Why State Minimum Limits For Auto Insurance, Is Not A Good Idea…
June 19, 2011 Leave a comment
In my previous blog, I discussed what is required by law in Colorado, for car insurance limits. In this blog, I am going to explain why the state minimum limits are not a good idea to carry. Not only does this information pertain to Colorado consumers, it applies to all consumers in the United States.
The reason why State Minimum limits are a bad idea, is because the policy seriously lacks coverage. In Colorado those limits are 25/50/15. This means your insurance has to pay out a maximum to a potential 3rd party of, $25,000 per person bodily injury, $50,000 total accident bodily injury, and $15,000 dollar property damage.
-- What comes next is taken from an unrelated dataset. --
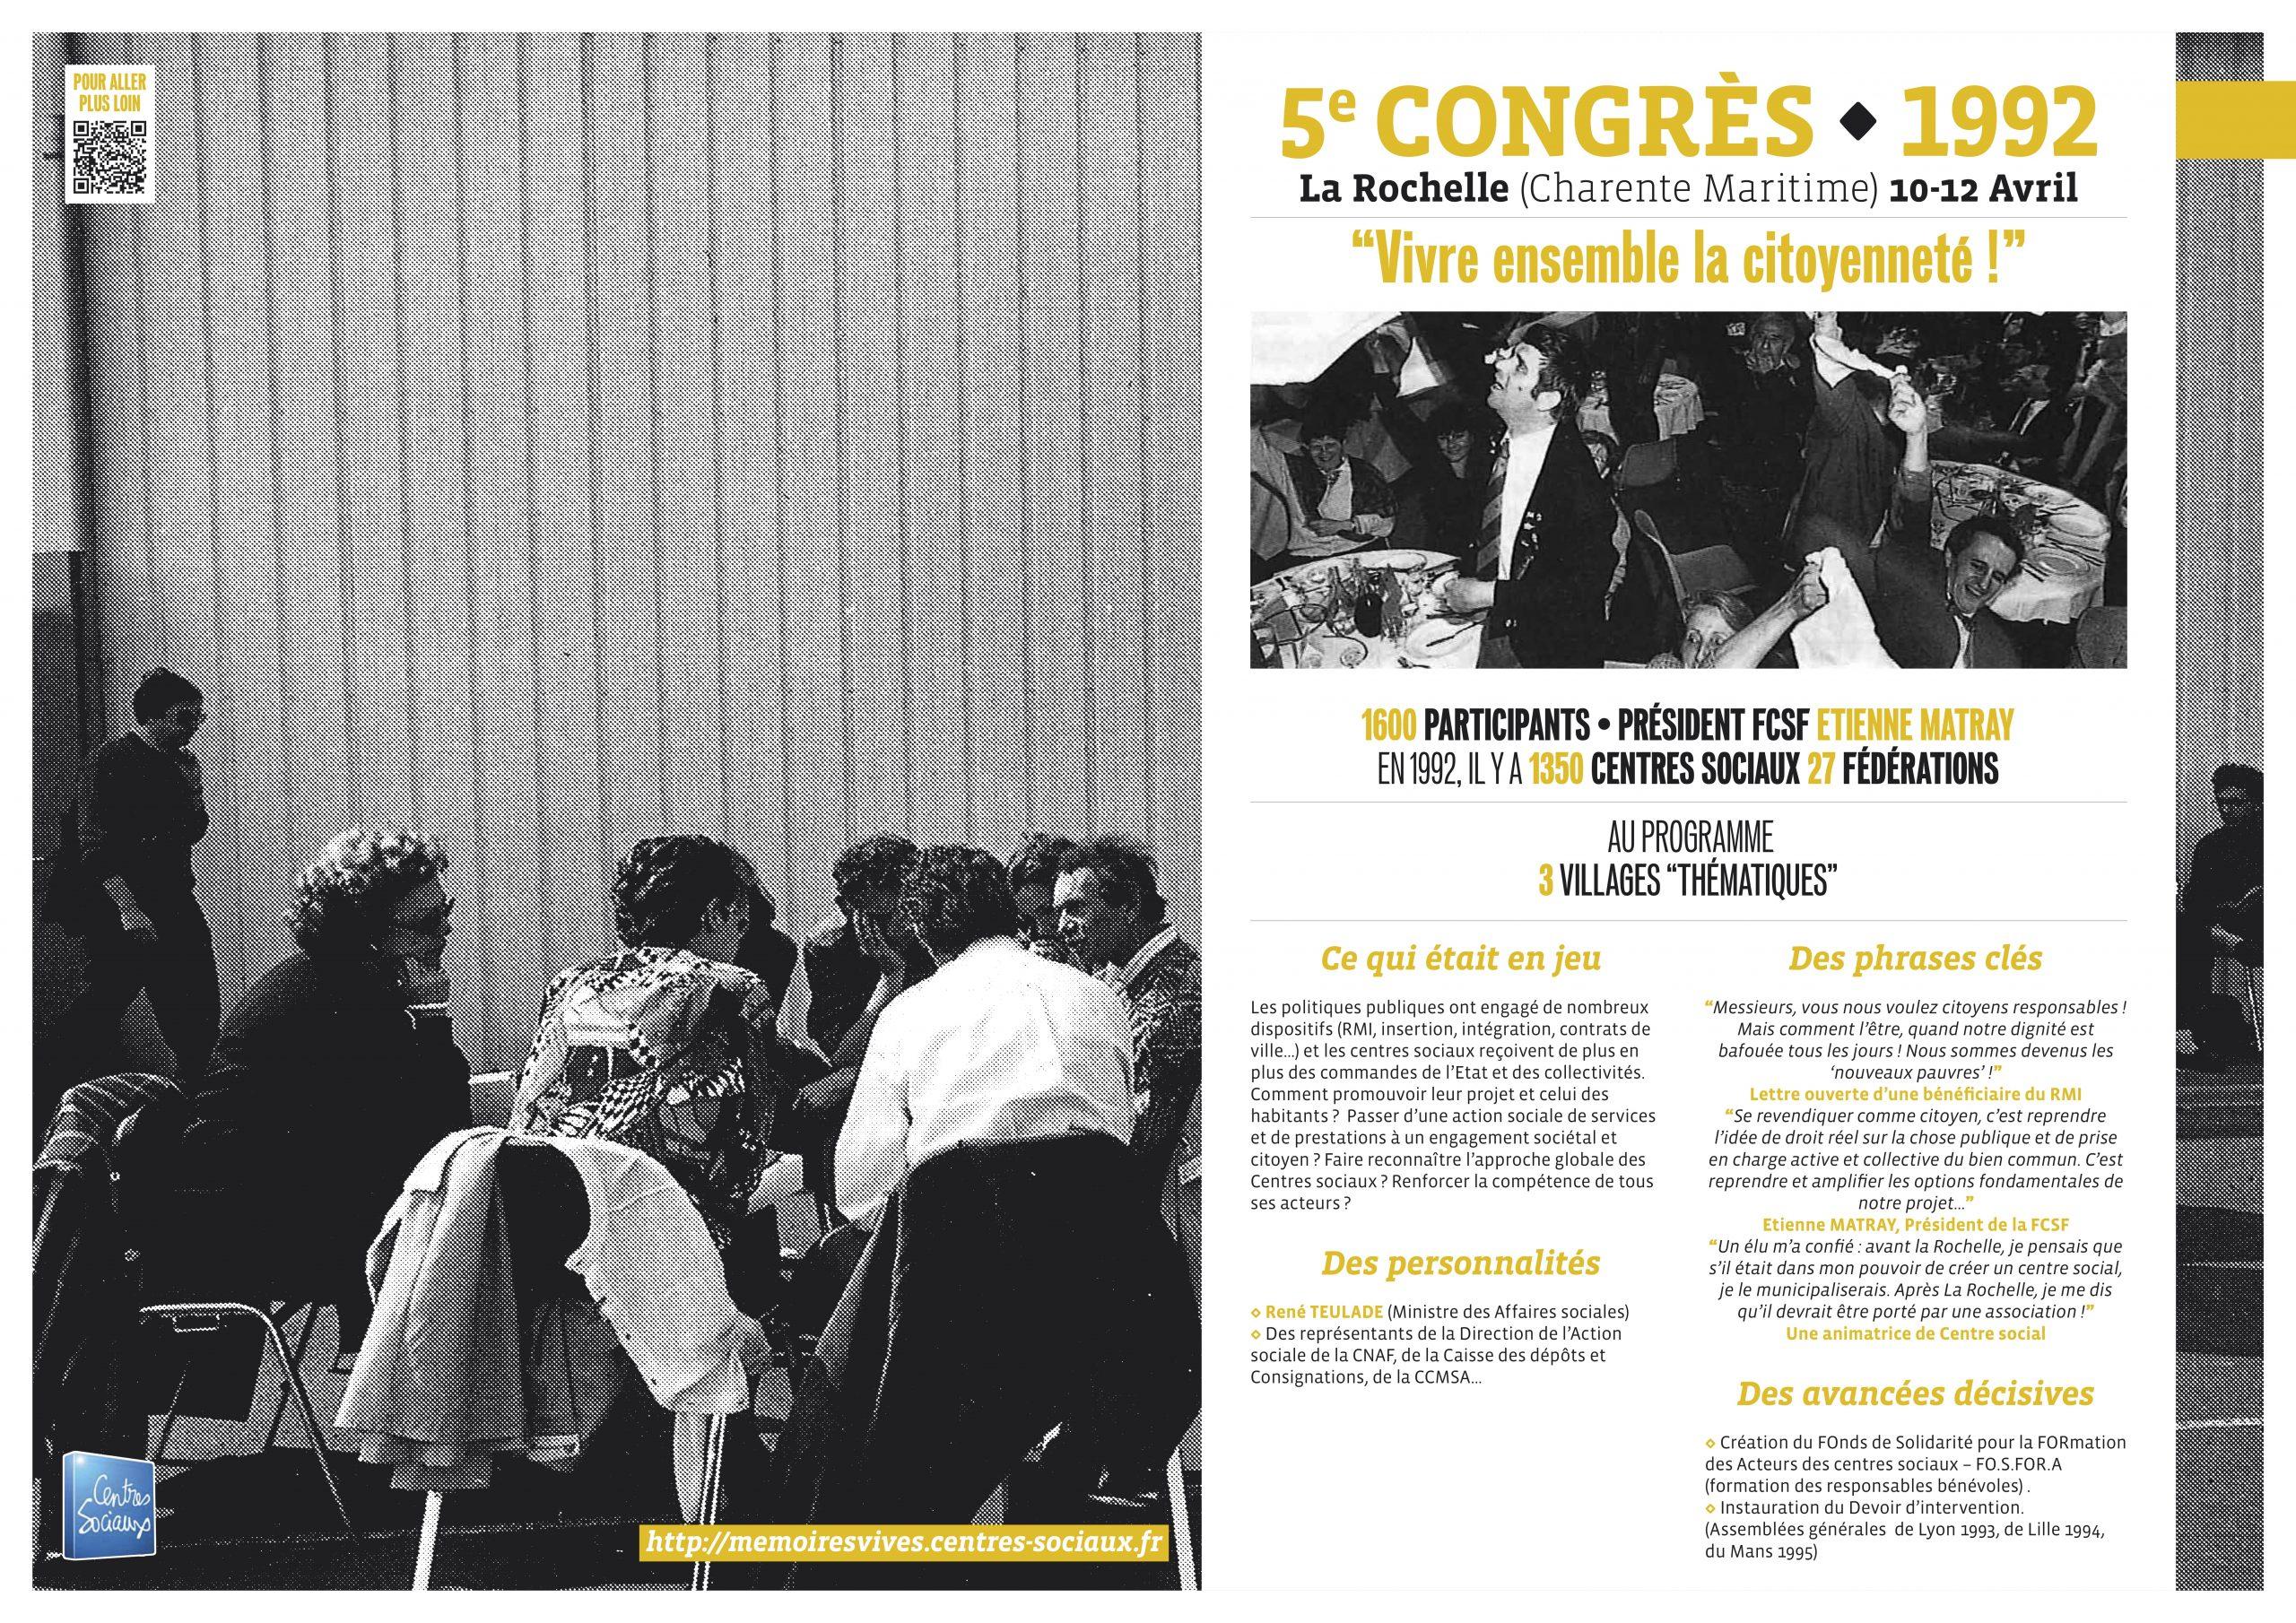 5ème Congrès

To put this short, if you got into a bad enough at fault accident, your limits most likely won’t be enough. Chances are the other person is going to have more than 25,000 dollars in hospital bills, and if there was more than one person in the vehicle, chances are $50,000 isn’t going to be enough. On top of that, most cars cost more than $15,000 dollars. If this was you in the at fault accident, chances are after you policy limits are exhausted, the 3rd party will personally come after you.
The reason that the state laws makes the limits so low, is to make sure car insurance costs stay low enough, so people can afford it. Having something is always better than nothing, especially is this situation.
How you can protect yourself from an under insured motorists, is by making sure you have sufficient limits on you auto insurance policy under insured motorists coverage.